This is particularly relevant in financial services, where
legacy processes and technologies are often a hindrance to innovation and
progress.
Open banking and a move to ‘as-a-service’ models have given
rise to many new fintechs who are providing the shiny innovative capabilities
that customers want. Banks are increasingly interested in B2B fintechs to take
advantage of their new business models, quicker transformation and advanced
technology, so it’s unsurprising that the global fintech market is expected to
reach $332.5 billion by 2028.
However, most of the data driving fintechs’ capabilities
requires integration with legacy systems hosted by banks and other financial
services institutions. This can lead to several unique integration challenges.
Establishing a cultural fit
A primary challenge is the difference in culture and ways of
working. Larger banks are heavily regulated and have vast operations and
systems – far from fintechs’ nimble cloud-based approach – which inevitably
affects how these organisations work together.

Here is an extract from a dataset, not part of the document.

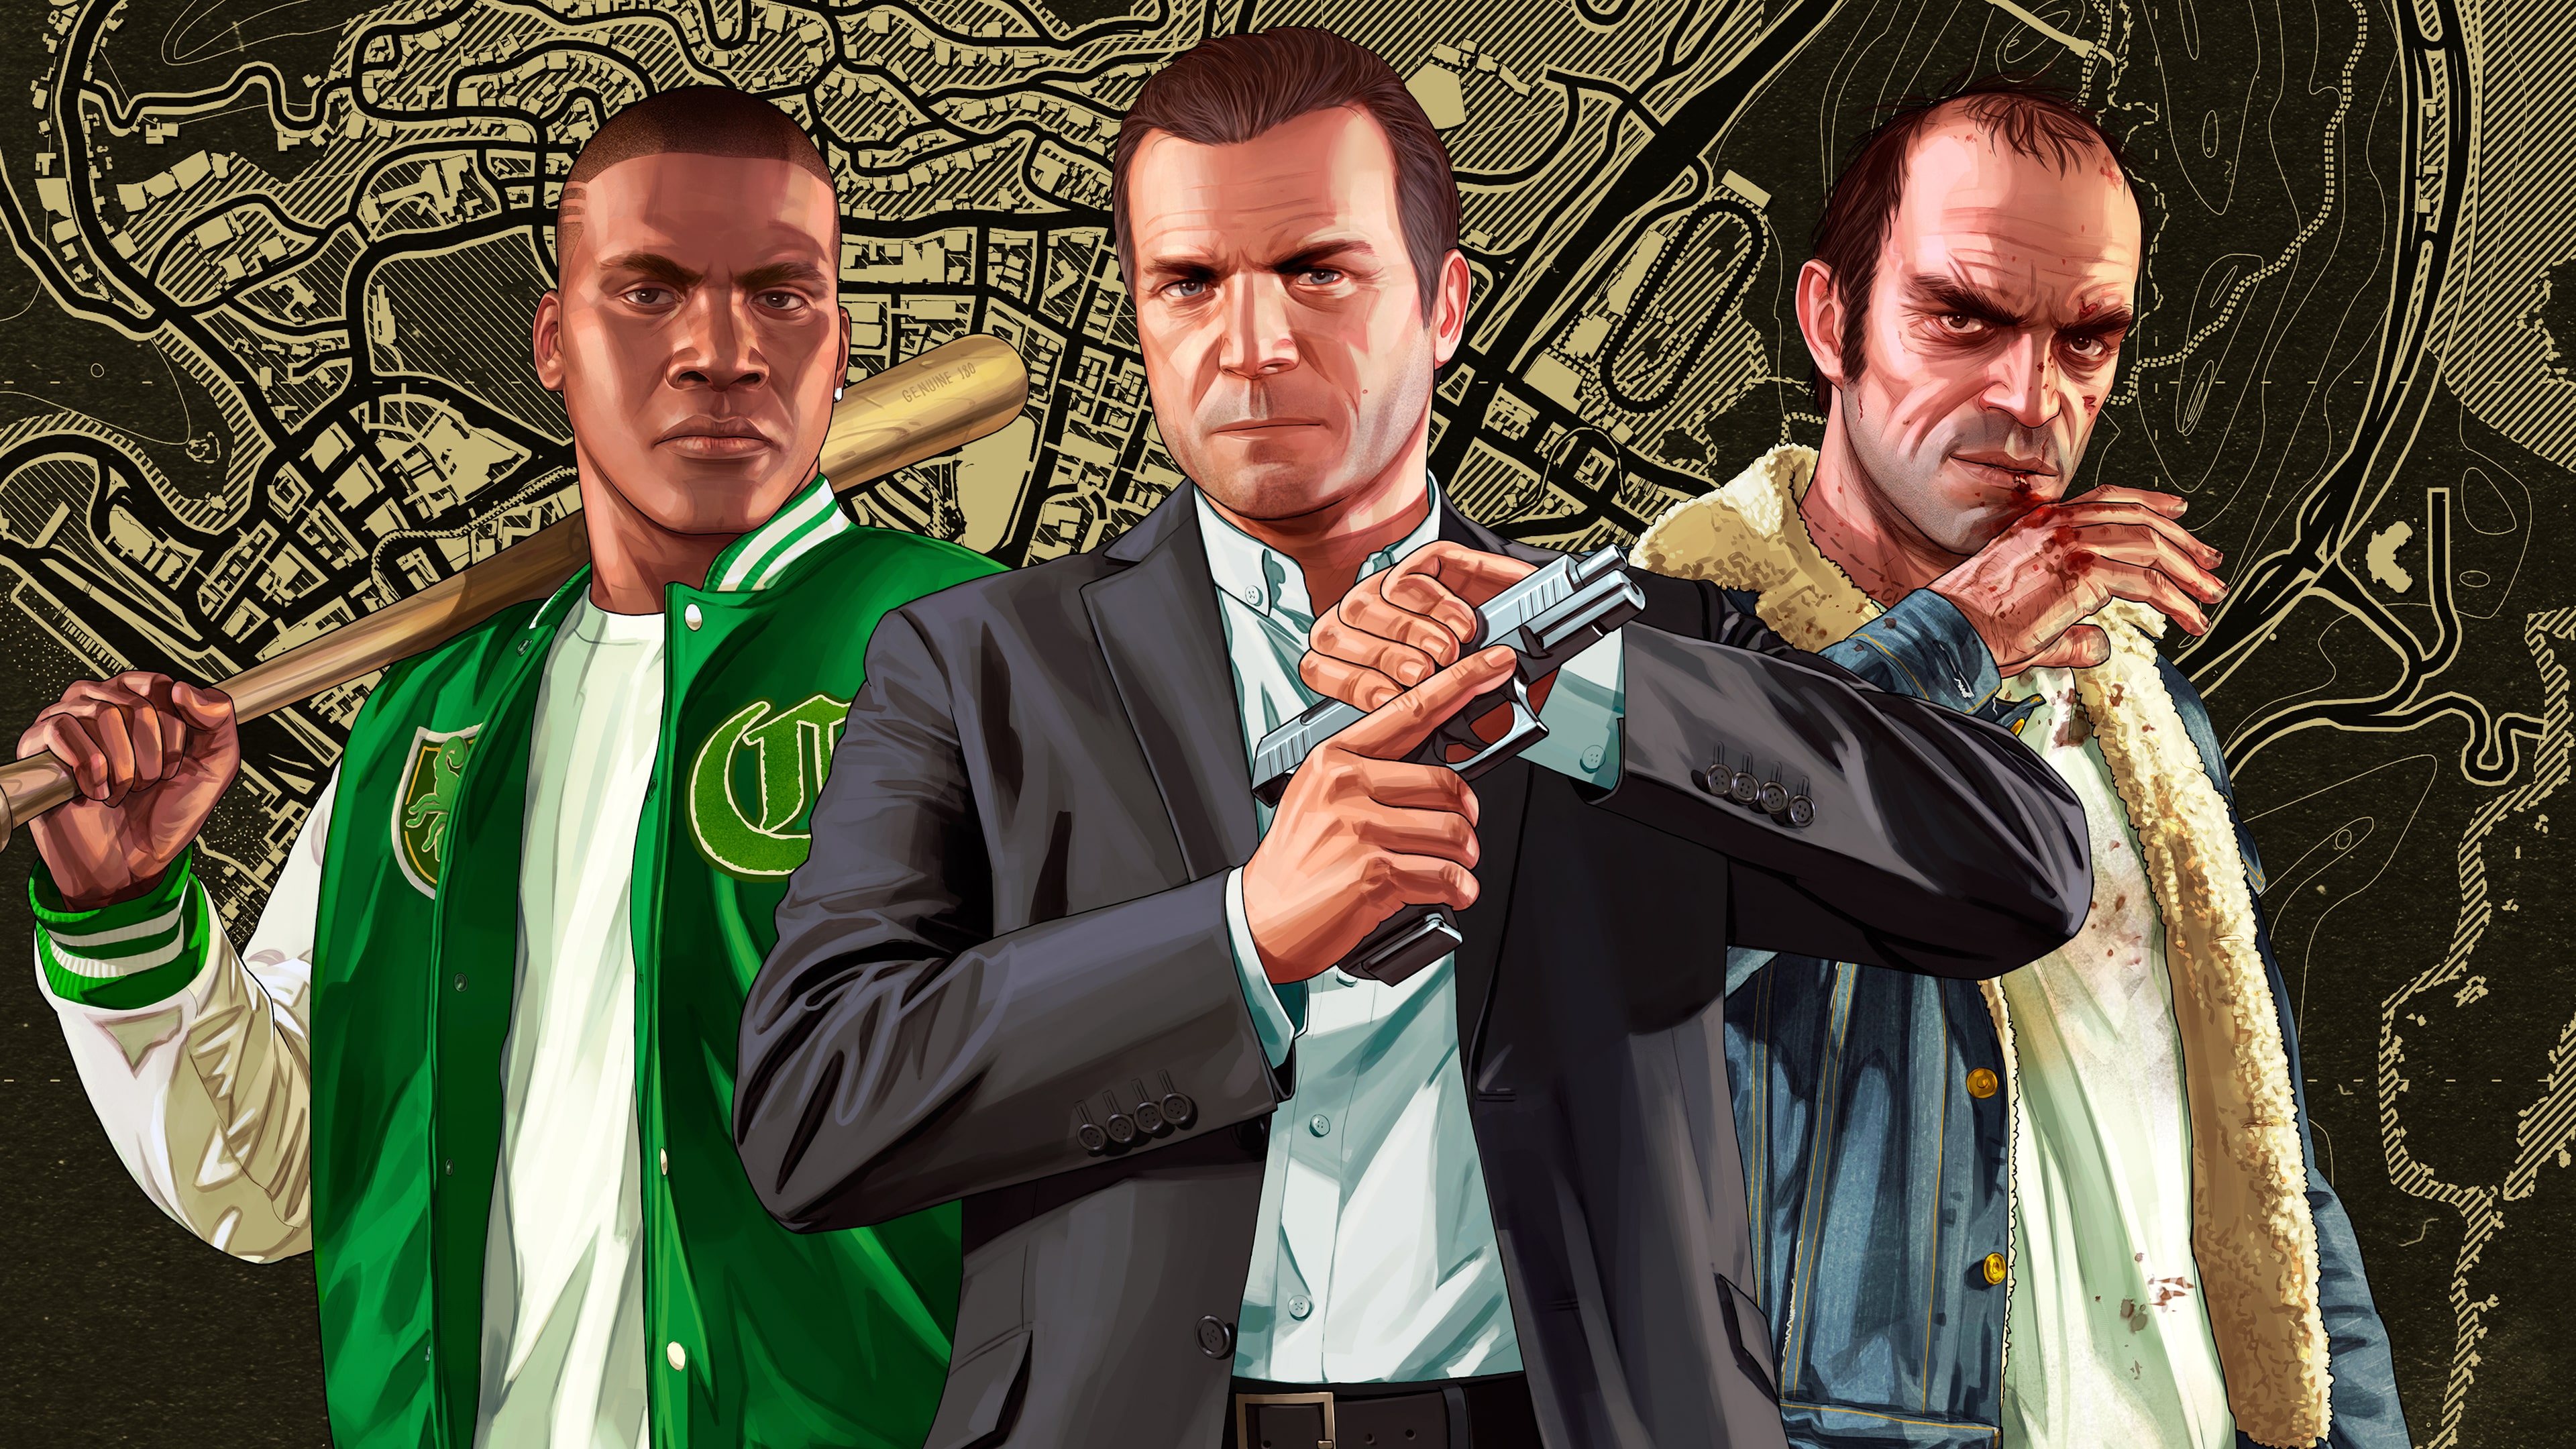 Grand Theft Auto V (PlayStation®5) (韩语, 简体中文, 繁体中文, 英语)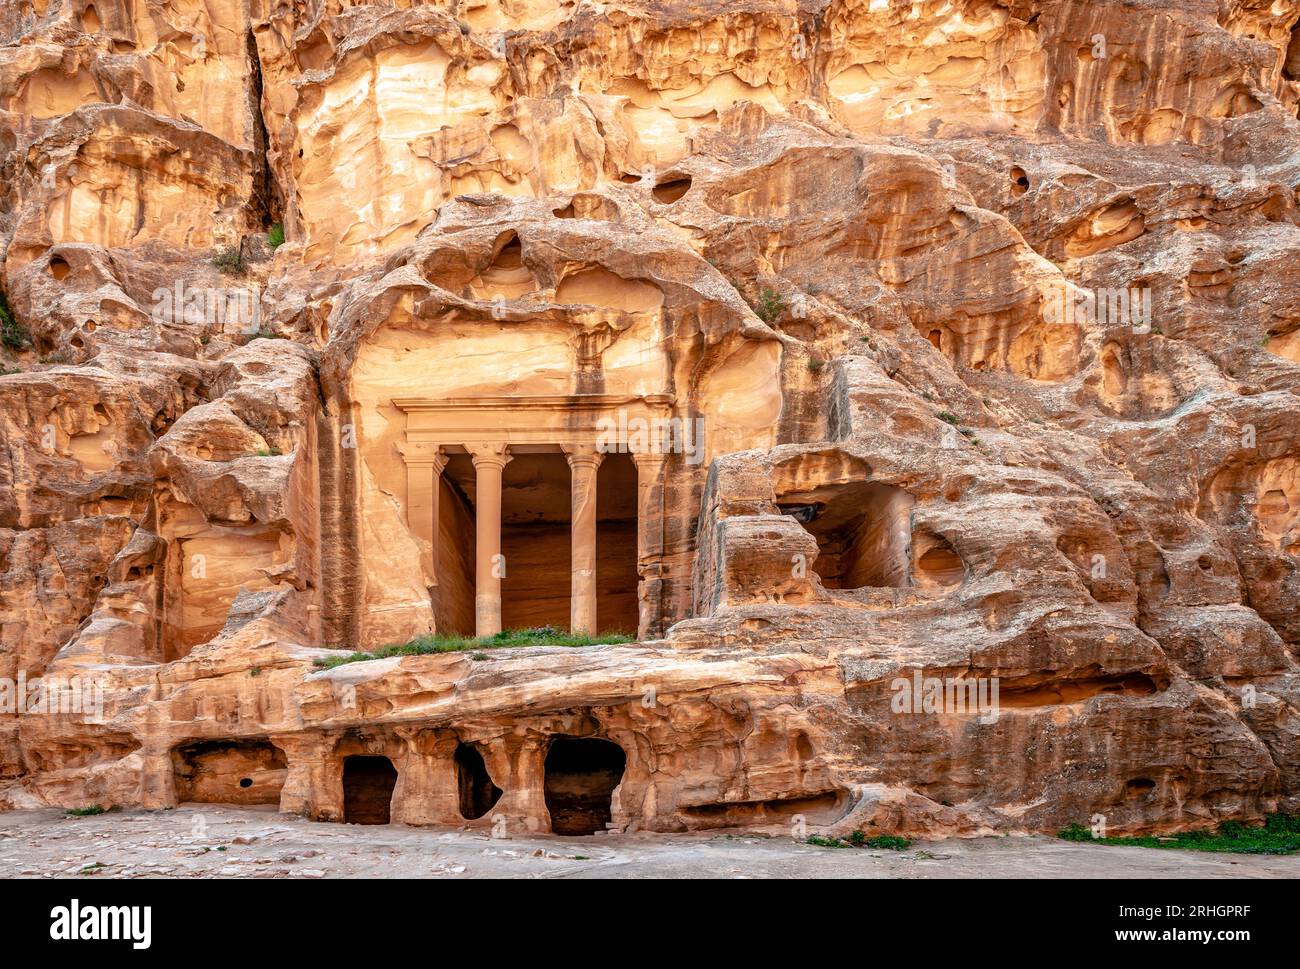 Temple above cave rooms, carved into sandstone in Siq Al-Barid, Little Petra, Jordan. Stock Photo

Speaking at a recent KPMG panel event, Allan Woodcock,
engineering director at Lloyds Banking Group, explained the role that education
plays in solving this problem.
“Banks have a responsibility to educate fintechs on the
regulatory environment and how pervasive that is within a bank, as well as how
it can vary by product or division. Knowledge sharing helps banks and fintechs
to align on a common purpose and work at pace,” he said.
At the same event, Conrad Ford, chief product officer at
Allica Bank, mentioned the problem is that large financial institutions
typically want to get everyone involved with everything. He explained that
there is a perception that if many people are included in a decision, it is a
less risky one, but that is simply not the case.
He commented: “This leads to a culture where people do not
take accountability. Instead, large banks need small, cross-functional teams to
move things forward. This not only makes accountability clearer but speeds up
implementation.”
Technology as an inhibitor
On the technology side, data models are a key culprit for
causing incompatibility, as it is difficult for fintechs to integrate them with
banks’ systems. This ranges from defining appropriate IT service operations to
making sure the bank has the correct IT skills to implement and run the
technology.
Where fintechs frequently advertise ‘plug-and-play’
solutions, in reality the implementation process can be a painful one.
To smooth the onboarding journey so that a working solution
can be realised sooner, Ford argued for the end of the request for proposal
(RFP).
“RFPs are the worst way to choose a technology solution. The
starting point of selecting a fintech supplier is to ask, ‘does it do what we
want it to do?’. If it does, the chances are it will get through the
confirmatory due diligence that RFPs require upfront.”
He added: “Banks should focus on proof of concept and then
determine if there are any gaps that need addressing.”
Legacy systems are often a ball and chain for larger banks.
Their complexity and IT teams’ lack of understanding of older systems can be a
stumbling block when integrating a fintech’s technology.
However, legacy technology can also be viewed as an
advantage. Legacy technology offers a plethora of opportunities for working
with fintechs, according to Woodcock.
“There are ways around legacy technology. We have multiple
working environments so we can collaborate with fintechs without causing
security issues. Increasingly we are working more in our legacy systems with
partners because that is our opportunity space,” he said.
Balancing risk with value creation
Balancing risk and regulatory requirements without
disrupting the use of fintechs is another problem banks are grappling with.
However, modern ways of working, such as Agile, can remediate this issue.
Ford explained: “The way for banks to work best with
fintechs is to have small and empowered teams, who make little and rapid steps
so they can pull back when things go wrong.
“We have seen many high-profile system failures where banks
have attempted transformation projects, but a modern engagement mechanism can
prevent these disasters happening and create a strong partnership.”
Achieving effective transformation
According to our latest report, a record number of fintech
deals were made in 2021 with a total investment of $210 billion, and over 2021,
there was a rush in interest in fintechs able to help with digital
transformation activities, particularly from tier one banks.
As more larger banks seek to partner with fintechs to
deliver effective transformation, there are three questions these organisations
should ask to minimise the aforementioned challenges:
What is the problem that needs solving?
Is there a fintech that fits that space?
How can we align ways of working to proactively address
integration challenges?
It’s true that fintechs have much more to offer to banks
than technology platforms, but only if these considerations are made at the
outset so the solution can be used in the right way. Without taking this
approach, transformation is destined to move at a snail’s pace.